[Note 498: ][(retour) ] 31 janvier 1567, Lettres, III, p. 7 et 8.
[Note 499: ][(retour) ] 30 mars 1567, Lettres, III, p. 24.
Cependant le duc d'Albe marchait de Milan à Bruxelles par la Savoie, la Franche-Comté, la Lorraine avec dix mille hommes de vieilles troupes, si braves et si renommées qu'à leur approche les États catholiques mêmes prenaient peur. En France, Coligny, d'Andelot furent les plus ardents à demander une levée de six mille Suisses et de dix mille hommes de pied français pour couvrir la frontière. La Reine-mère, toujours prudente, informa officiellement le Roi d'Espagne de l'arrivée de ces renforts[500]. Philippe II s'étonna de cet armement qu'il prit pour une menace. Catherine faisait son ambassadeur à Madrid juge «s'il estoit raisonnable parmi ceste turbulence d'armes, qui est partout, que nous fussions à la mercy de celluy qui nous voudrait commander quelque chose», les rois de France étant «en possession de bailler la loy aux autres».[501] Elle eut une explication très vive (3 juillet 1567) avec l'ambassadeur d'Espagne, D. Francès de Alava, qui depuis six mois boudait et ne paraissait plus à la Cour. Il s'ébahit, raconte-t-elle à Fourquevaulx, «que nous soyons en soubson des forces qu'il (Philippe II) faict passer» pour remettre ses sujets en son obéissance, et il conclut que Charles IX n'avait pas «grand besoing» de faire cette levée de Suisses. Il s'était plaint aussi que le résident de France dans les Cantons, pour empêcher les agents espagnols d'en tirer quelques soldats, eût dit en «pleine diette que ce seroit mettre Suysse contre Suysse», comme s'il prévoyait une guerre entre la France et l'Espagne[502]. Quand le duc d'Albe fut arrivé à Luxembourg, les appréhensions cessèrent. Cependant le Roi et Catherine visitaient les places de Picardie, et en faisaient réparer les fortifications[503]. Mais à quoi employer ces Suisses nouvellement levés et bien payés? Catherine écrivit de Péronne au Connétable de faire avancer ces belles bandes afin que le Roi pût les voir «et que pour le moings il ayt ce passe temps là pour son argent»[504].

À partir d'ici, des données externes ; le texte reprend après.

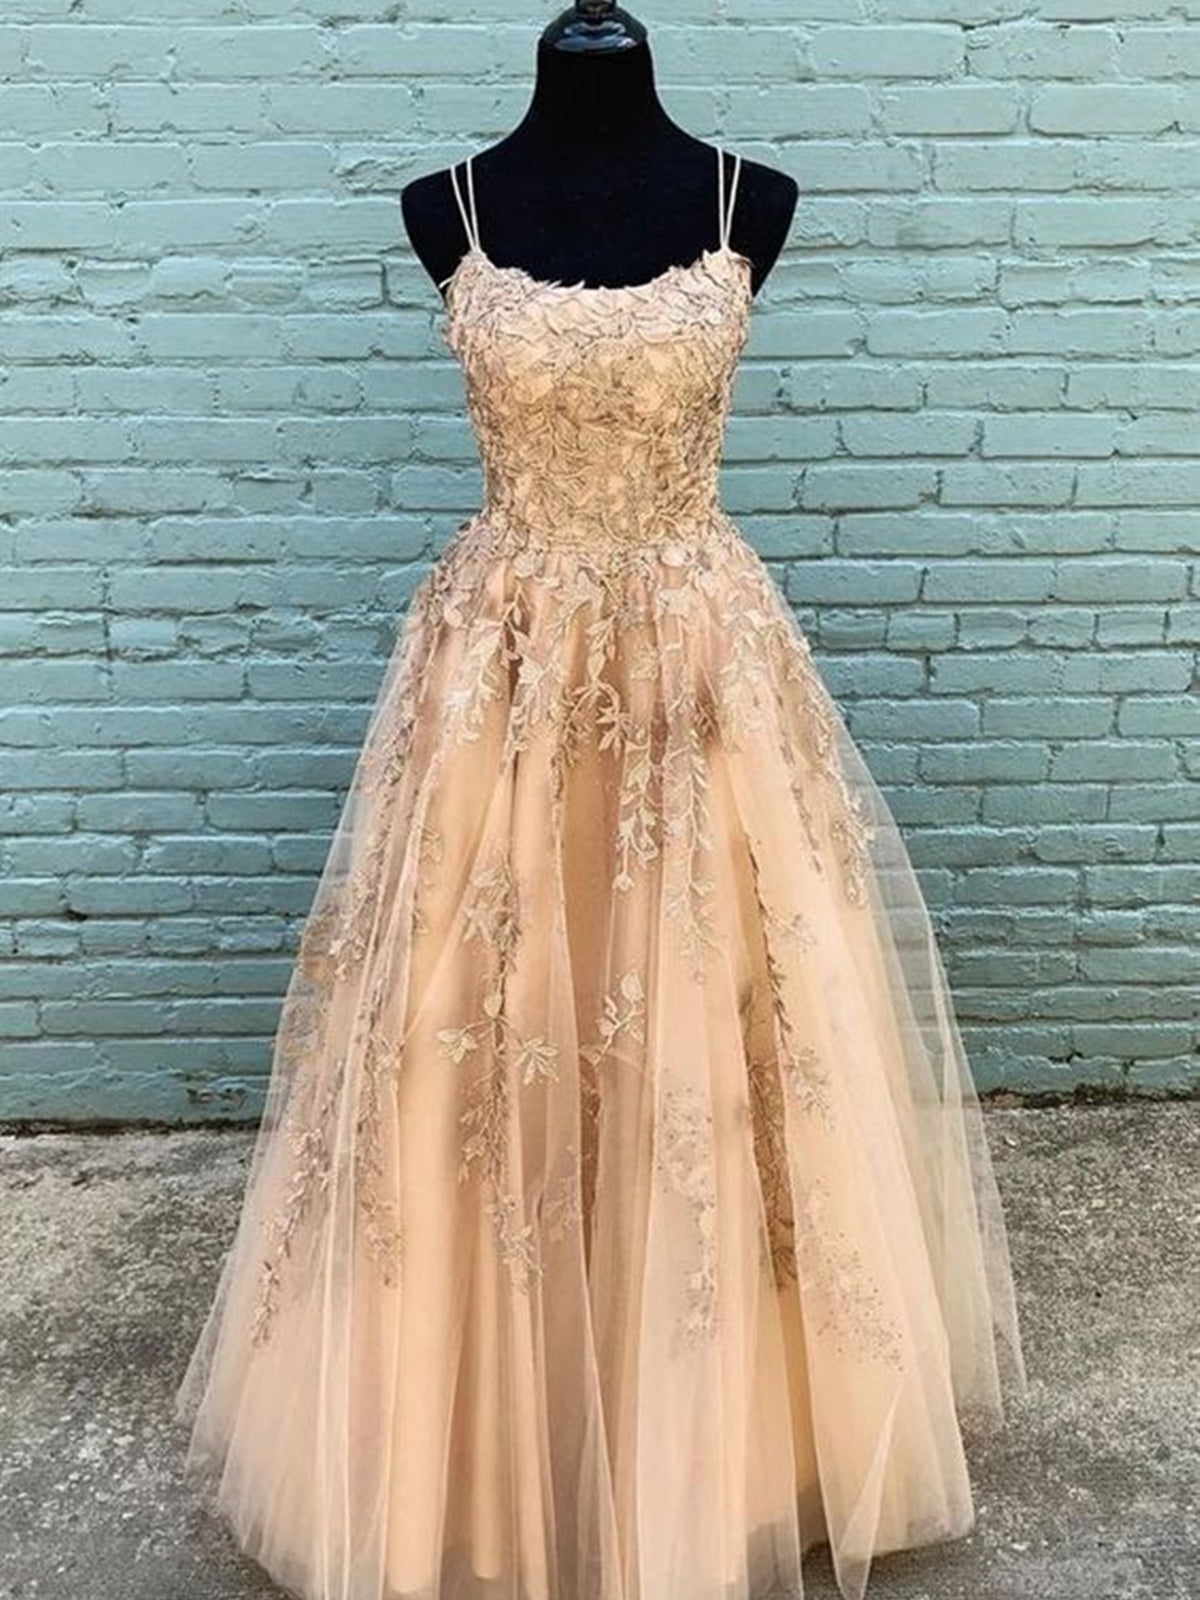 Party Dress Halter Neck, Long Champagne Lace Prom Dresses, Champagne Lace Formal Graduation Dresses

[Note 500: ][(retour) ] 27 mai 1567, Lettres, III, p. 37.
[Note 501: ][(retour) ] Lettre des 2 et 3 juillet, Lettres, III, p. 42.
[Note 502: ][(retour) ] Lettres, III, p. 43.
[Note 503: ][(retour) ] Ibid., III, p. 51 et 57.
[Note 504: ][(retour) ] Péronne 21 août, Lettres, III, p. 51.
Les chefs protestants avaient pressé Catherine d'armer, dans l'espoir de l'entraîner à secourir leurs coreligionnaires étrangers. Mais elle gardait la neutralité, et même elle avait aidé à ravitailler l'armée catholique en sa marche, faisant passer en Savoie, Bresse et Franche-Comté six mille charges de blé[505]. Elle estimait que, dans l'état de division du royaume, ce serait folie d'affronter la monarchie espagnole, dont Henri II avec toutes ses forces unies n'avait pu triompher. Les huguenots voulaient la guerre contre Philippe II pour sauver les Églises voisines de même foi et fortifier d'autant la cause commune. Elle était pacifique par raison; ils étaient belliqueux par prosélytisme. Mais ces gens soupçonneux, la voyant prompte à réunir des troupes et paresseuse à les employer, se persuadèrent que si elle n'attaquait pas les Espagnols, c'est qu'elle était d'accord avec eux pour exterminer les protestants de France et des Pays-Bas. Coligny et Condé réclamèrent le renvoi des Suisses.
[Note 505: ][(retour) ] 30 mars 1567, Lettres, III, p. 27.